----- Dataset extract -----

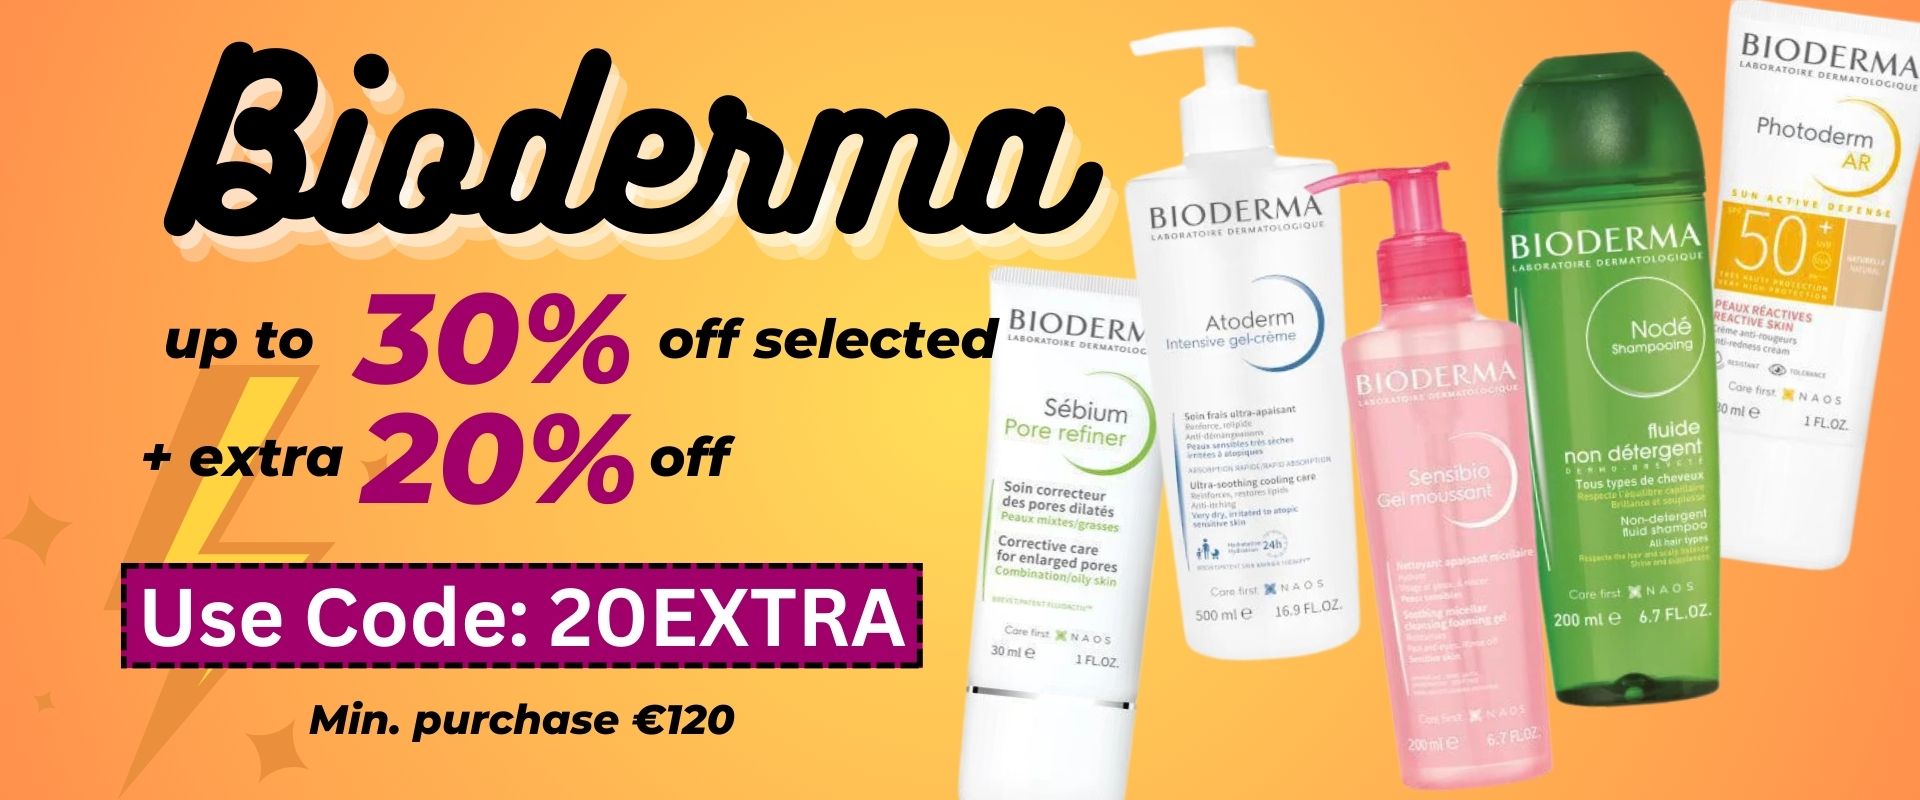 Spring Sale includes Bioderma Atoderm, Photoderm Sunscreen, Sebium Pore Refiner and more.
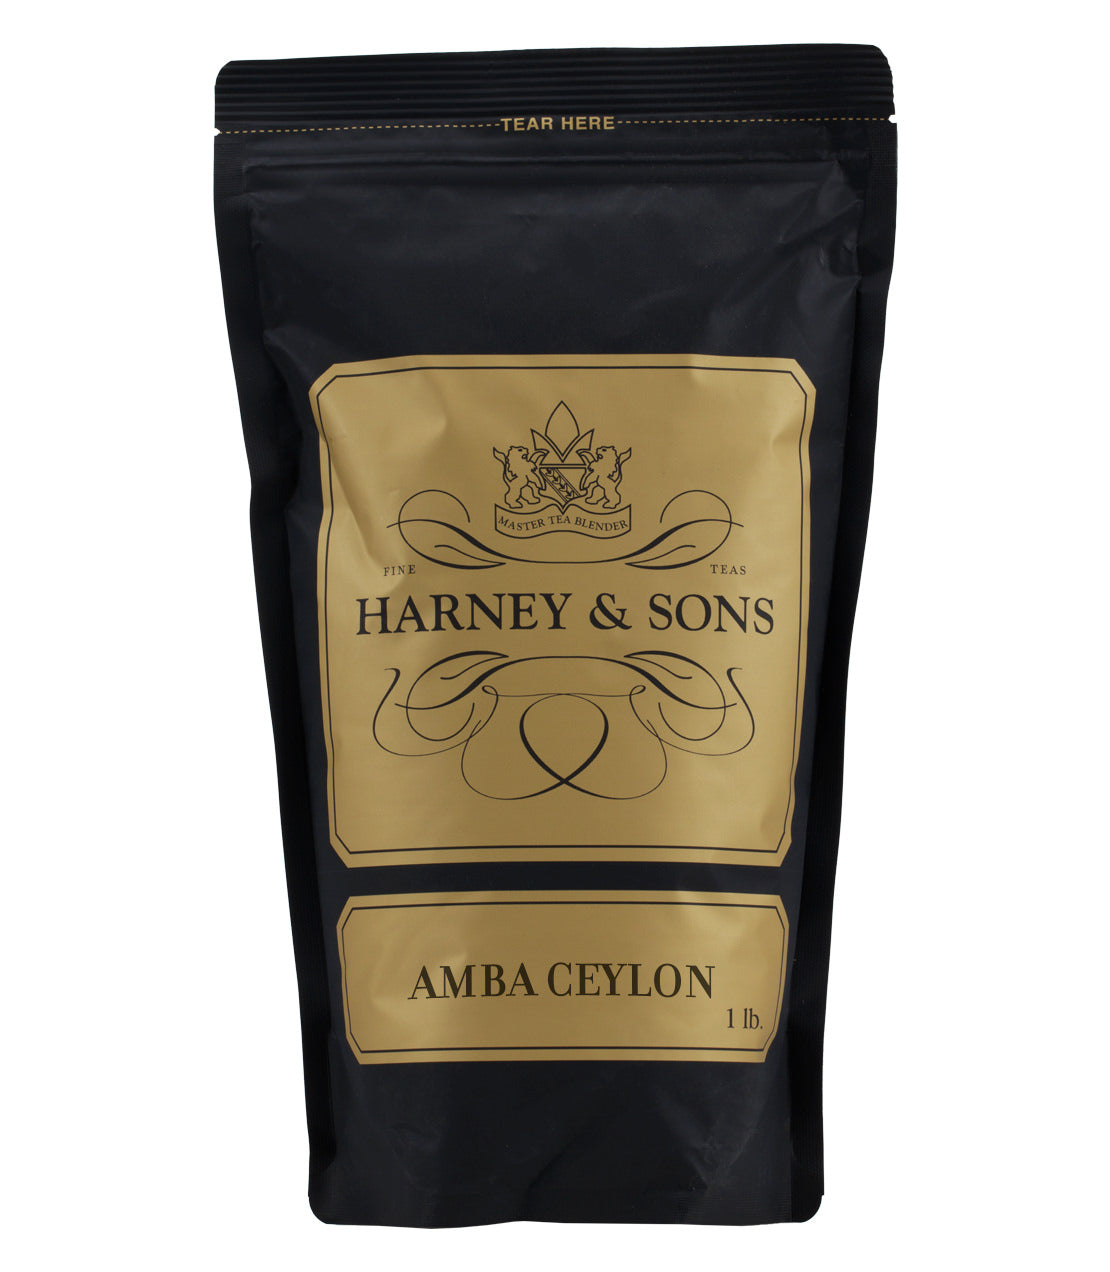 Amba Ceylon - Loose 1 lb. Bag - Harney & Sons Fine Teas
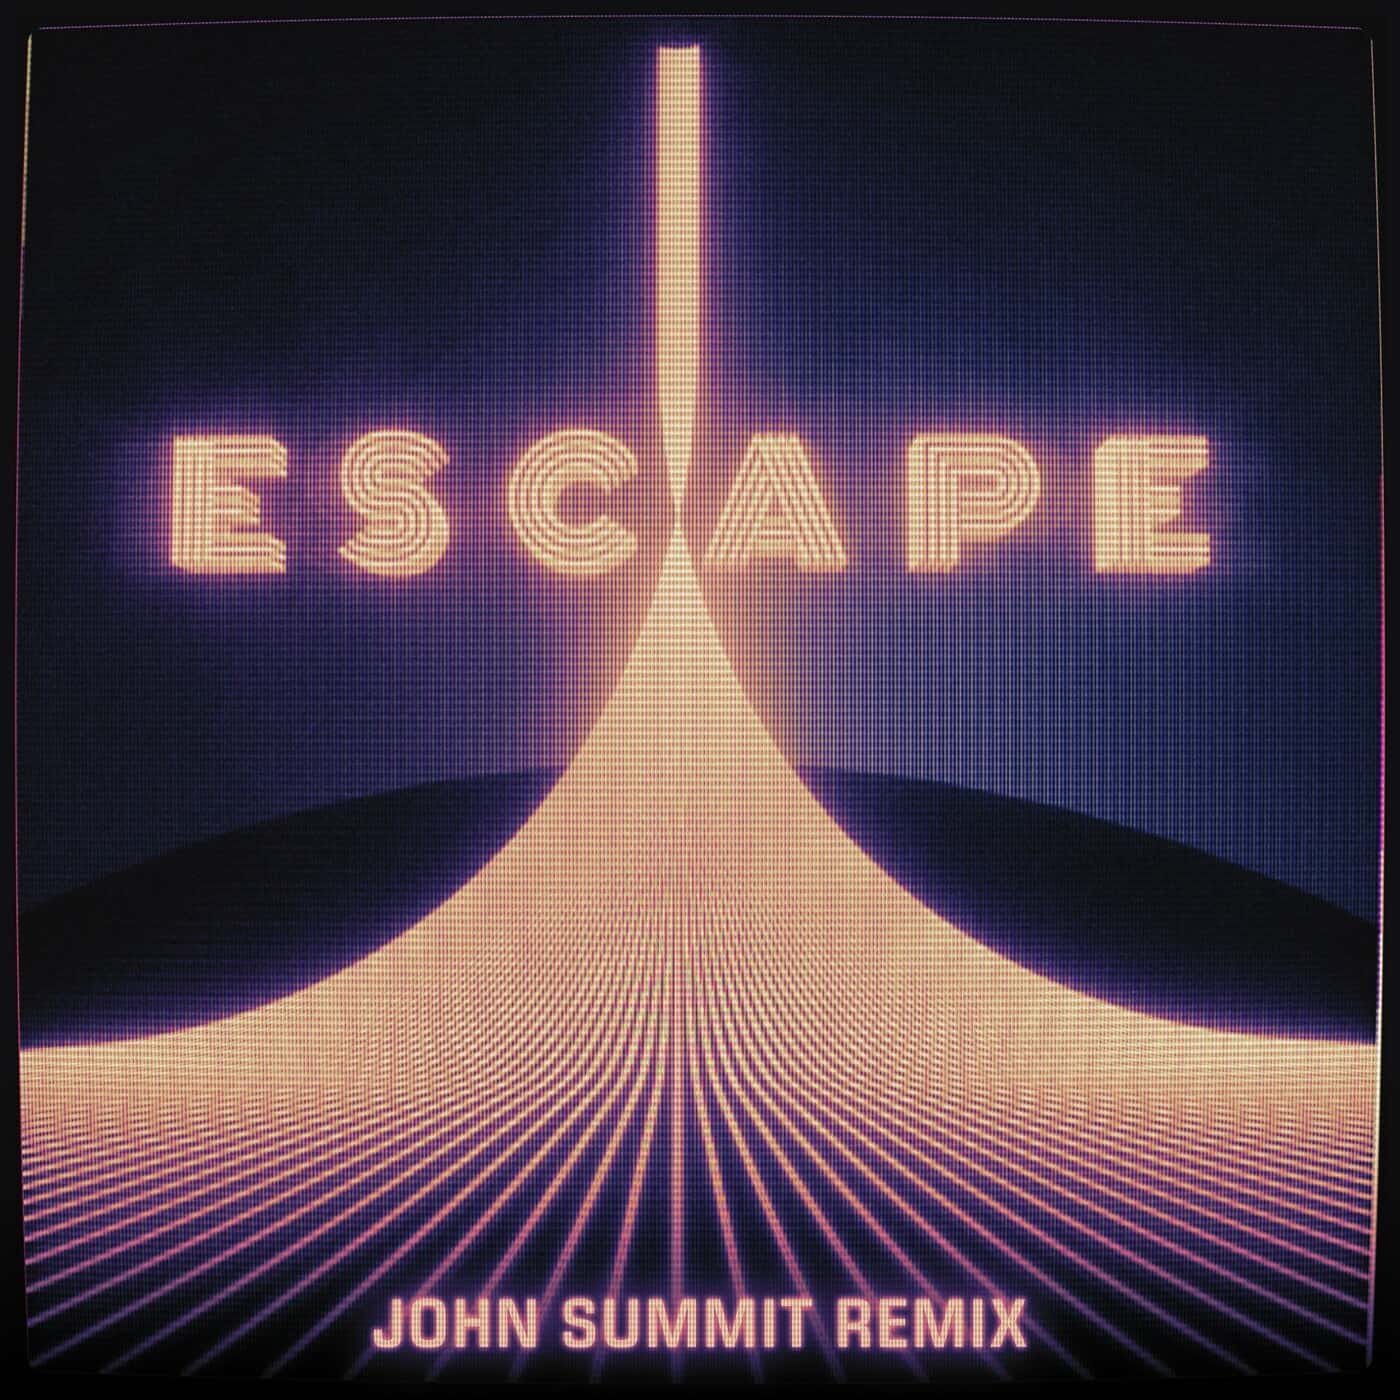 image cover: Kaskade, deadmau5, Kx5 - Escape (John Summit Remix) (Extended Mix) feat. Hayla / MAU50461R1BP

-----

## Task requirements:
Write down exactly the lines running from the line with "Amba Ceylon - Loose" through the end of the material, both ends included, and none of the pictures.

## Response to this task:
 Amba Ceylon - Loose 1 lb. Bag - Harney & Sons Fine Teas
 image cover: Kaskade, deadmau5, Kx5 - Escape (John Summit Remix) (Extended Mix) feat. Hayla / MAU50461R1BP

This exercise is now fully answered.